Photo courtoisie, Louane Williams Caroline Gauthier, atteinte d’un cancer incurable, photographiée lors de l’activité « Une pose pour le rose » au profit de la Société canadienne du cancer (cancer du sein) à Matane.

Une femme de Matane atteinte d’un cancer incurable ressent l’urgence de réaliser ses rêves, alors qu’on lui a trouvé dernièrement des métastases au cerveau et aux poumons.

L’an dernier, Caroline Gauthier avait lancé la tournée «Fuck le cancer, j’fais de l’impro» et son courage avait été salué.

Mais après avoir été «la saveur du moment», comme elle le décrit, la femme de 33 ans témoigne du revers de la médaille. Se faire soigner à des centaines de kilomètres de chez elle est devenu un réel fardeau.

«On est un peu isolés du monde dans notre coin. Ça prendrait des groupes d’entraide, du soutien. Il n’y a rien. Ça manque vraiment. Tout le monde est en silos», témoigne Caroline Gauthier.

Cancer incurable

Elle a reçu son premier diagnostic du cancer du sein en octobre 2012. Après une mastectomie partielle, de la chimiothérapie et de la radiothérapie, elle a été déclarée en rémission en 2014.

Le cancer a récidivé en 2017 et on lui a annoncé que sa maladie était incurable, un cancer du sein métastatique de stade 4.

Depuis, les médecins ont découvert des métastases au cerveau et aux poumons.

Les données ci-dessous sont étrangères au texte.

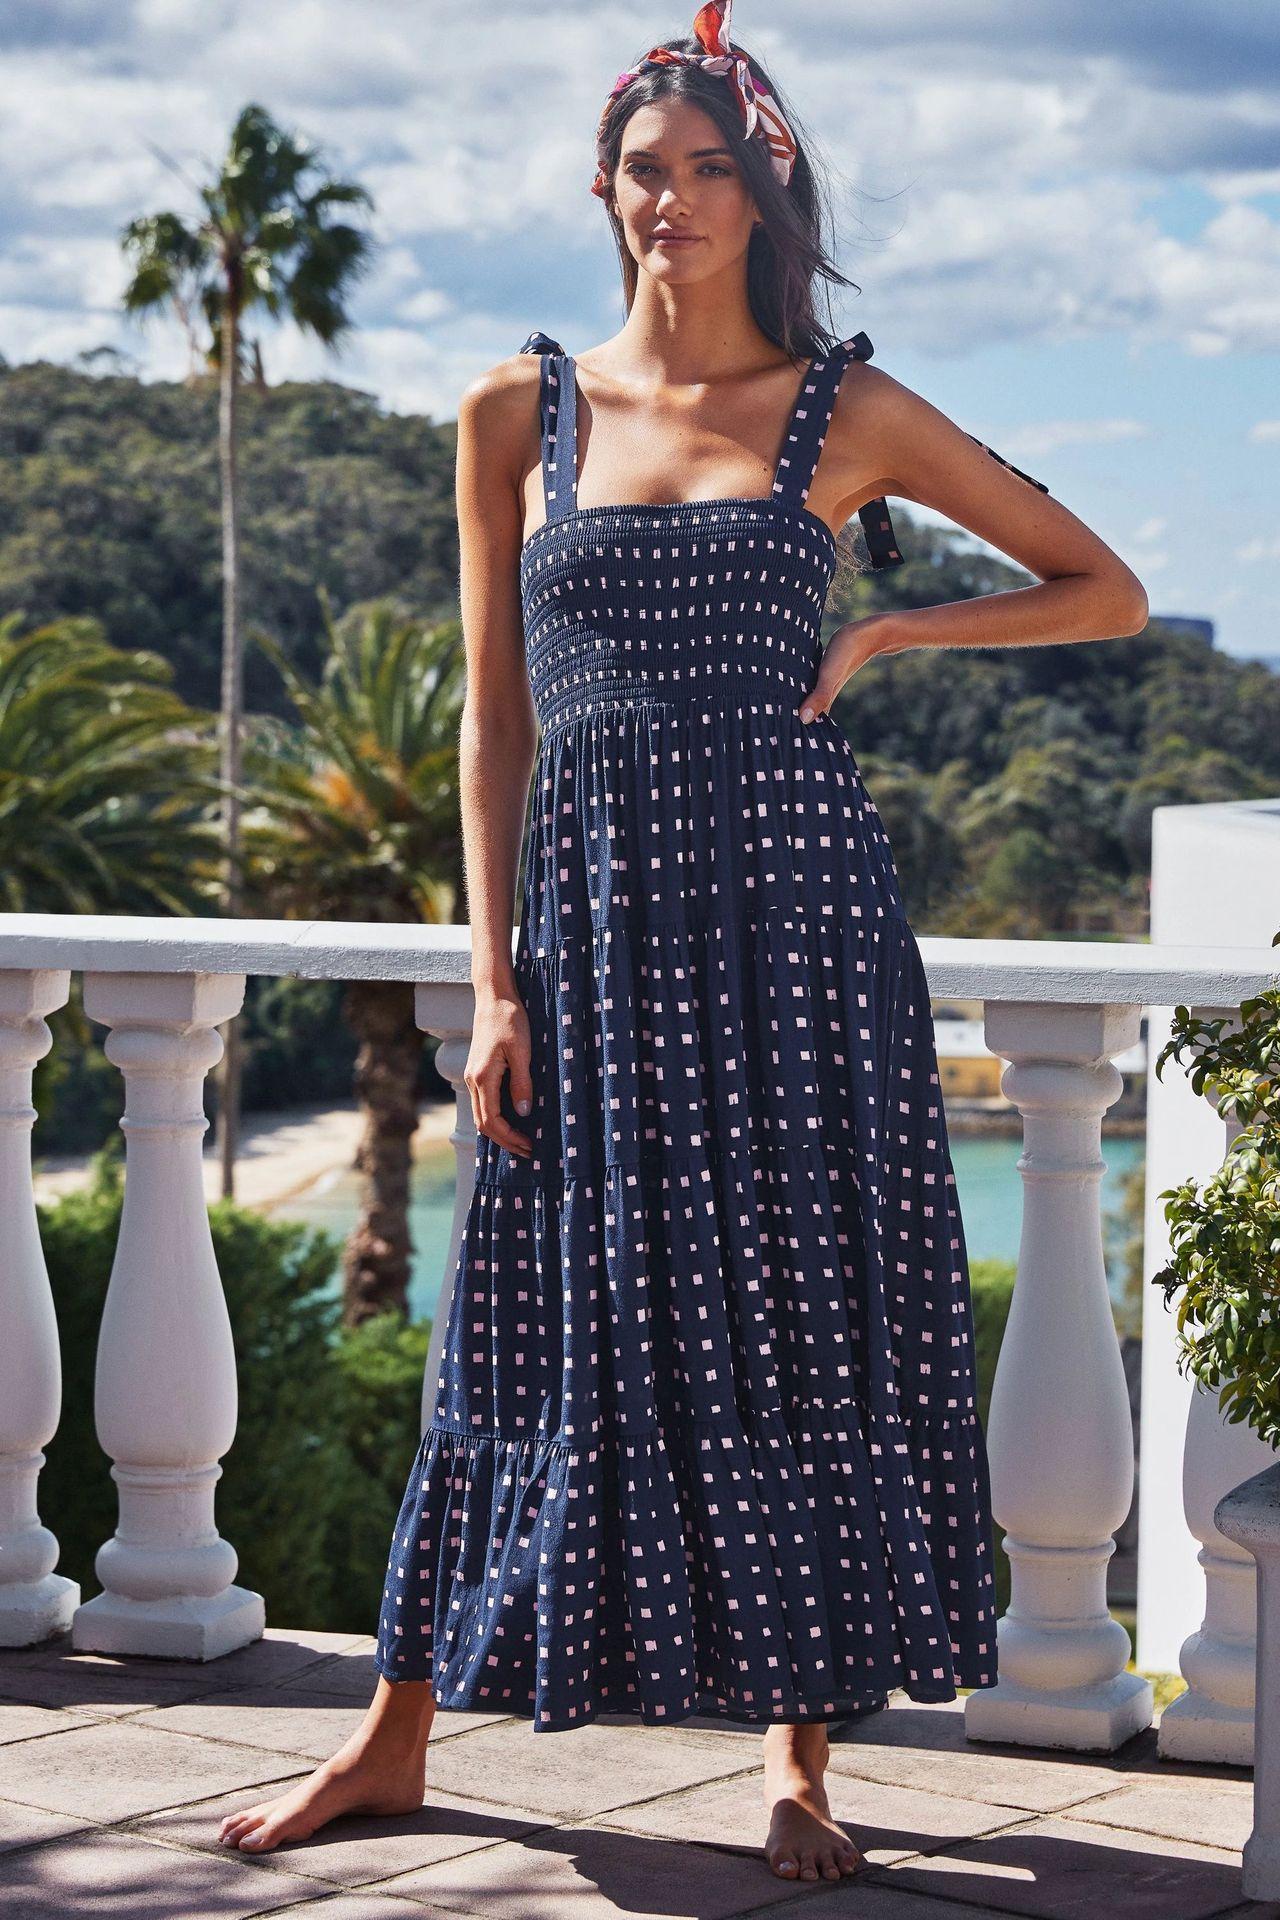 Fashion Summer Women Dress Square Neck Sling Print Sexy Halter Beach Dress Women's Casual Holiday Dresses 2021 New Vestidos 9

La semaine prochaine, elle devra subir de la radiochirurgie, à savoir de la radiothérapie ciblée, pour la seule métastase sur trente qui lui reste au cerveau.

«Le réseau (amis et famille plus éloignée) est là, au début, mais après on se ramasse seule. Tout le monde est là pour envoyer des petits bonshommes qui pleurent, des petits bonshommes qui sourient. Pendant ce temps, la réalité est que tu as un pouce de bonnes nouvelles, pour un pied de mauvaises nouvelles», déplore l’ancienne travailleuse sociale.

Urgence d’agir

Même si elle peut rencontrer son spécialiste en oncologie et faire de la chimiothérapie à Matane, dans le Bas-Saint-Laurent, elle doit se déplacer loin de chez elle pour tous les soins médicaux plus pointus.

Elle va à Rimouski trois à quatre fois par mois et doit passer la prochaine semaine à Québec.

Avec comme seul revenu ses chèques de la Régie des rentes, elle dit manquer de moyens pour vivre ses derniers rêves.

Elle ignore s’il lui reste quelques mois ou cinq ans à vivre, mais avec les nouvelles des derniers jours, elle sent l’urgence d’agir.

«Ma liste de souhaits à réaliser, je l’avais faite avant le cancer. J’en ai coupé un peu depuis. Je veux vivre avant de ne plus vivre», dit-elle.

Caroline Gauthier a réalisé le rêve de se marier l’été dernier, mais elle souhaite aussi assister à un match de la WWE au premier rang, passer une nuit dans une suite luxueuse et chanter sur une scène en public, entre autres.